AI Tools I Actually Use Every Day
A practical rundown of the AI tools that have made it into my daily workflow — and the ones that didn't.
AI Tools I Actually Use Every Day
There’s a new AI tool launched every 15 minutes, or at least it feels that way. After months of testing everything I could get my hands on, I’ve landed on a small set of tools that I actually reach for daily — not because they’re the flashiest, but because they save me real time on real work.
The Ones That Stuck
Claude is my go-to for anything that requires reasoning or writing. Whether I’m drafting strategy docs at work, debugging code for this site, or just thinking through a complex problem, Claude handles nuance better than anything else I’ve tried. The coding ability in particular is a step above — it understands context across files, catches edge cases, and actually explains its reasoning.
Cursor turned me from someone who dabbled in code to someone who builds things. The inline AI suggestions feel less like autocomplete and more like pair programming. When I’m stuck, I can describe what I want in plain English and get working code back. It’s the tool that made this portfolio site possible.
ChatGPT still has its place for me, mainly for quick lookups and brainstorming. The mobile app is great for voice conversations when I’m walking the dog and want to think through an idea out loud. The plugin ecosystem is also handy for one-off tasks.
What Surprised Me
The biggest unlock wasn’t any single tool — it was learning to chain them together. I’ll use Claude to architect a feature, Cursor to implement it, and then go back to Claude to review and refactor. Each tool has a sweet spot, and knowing when to switch between them matters more than which one is “best.”
I also didn’t expect how much AI would change my approach to learning. Instead of spending hours reading documentation front to back, I can ask pointed questions and get explanations tailored to my level of understanding. It’s like having a patient tutor available 24/7.
What Didn’t Work
Not everything landed. I tried a handful of “AI-powered” project management tools that added more friction than they removed. Auto-generated meeting summaries sound great in theory, but I found myself spending as much time correcting them as I would’ve spent writing notes. And most AI writing assistants produce text that sounds like… well, an AI writing assistant.
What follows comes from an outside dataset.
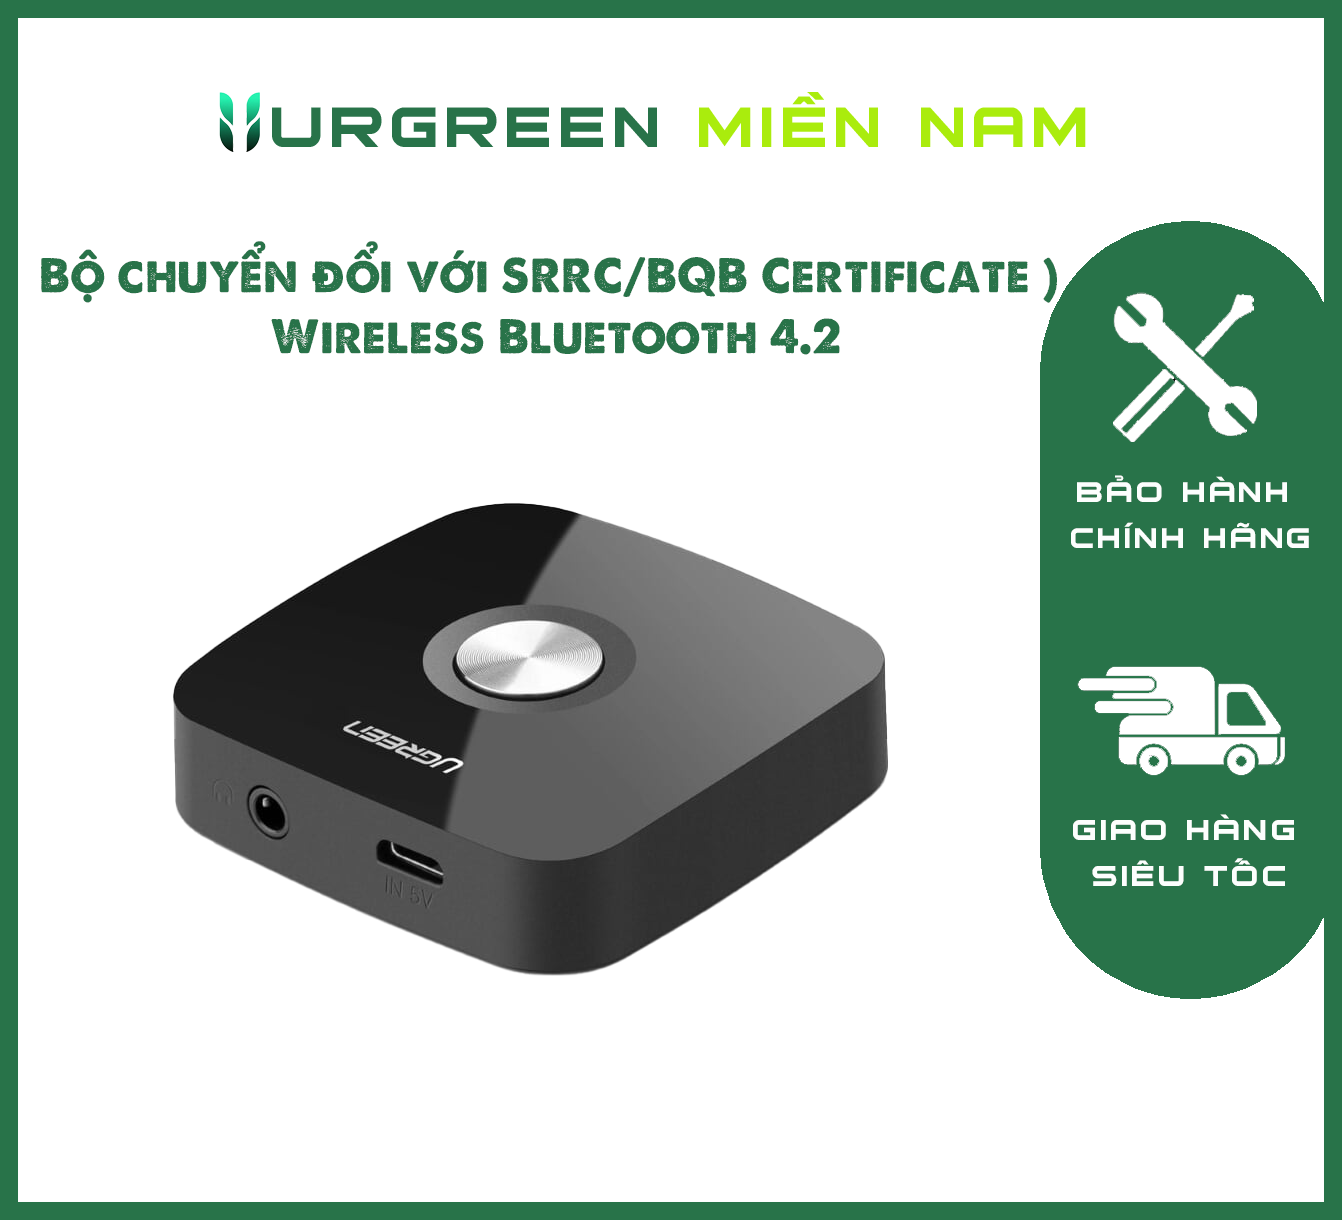 Bộ chuyển đổi với SRRC/BQB Certificate ) Wireless Bluetooth 4.2 APTX Receiver Audio model CM105 đen Ugreen 40758

The pattern I’ve noticed: AI works best when it augments something you already do, not when it tries to replace an entire workflow.
Where This Is All Going
What excites me most is that we’re still early. The tools I use today will probably feel primitive in a year. Agents that can actually execute multi-step tasks, models that understand your full work context, AI that gets better the more you use it — all of this is coming fast.
For now, I’m focused on building the muscle memory to work with these tools effectively. The people who learn to collaborate with AI — not just prompt it, but actually think alongside it — are going to have a massive advantage. And honestly, it’s just fun to build things that would have felt impossible a year ago.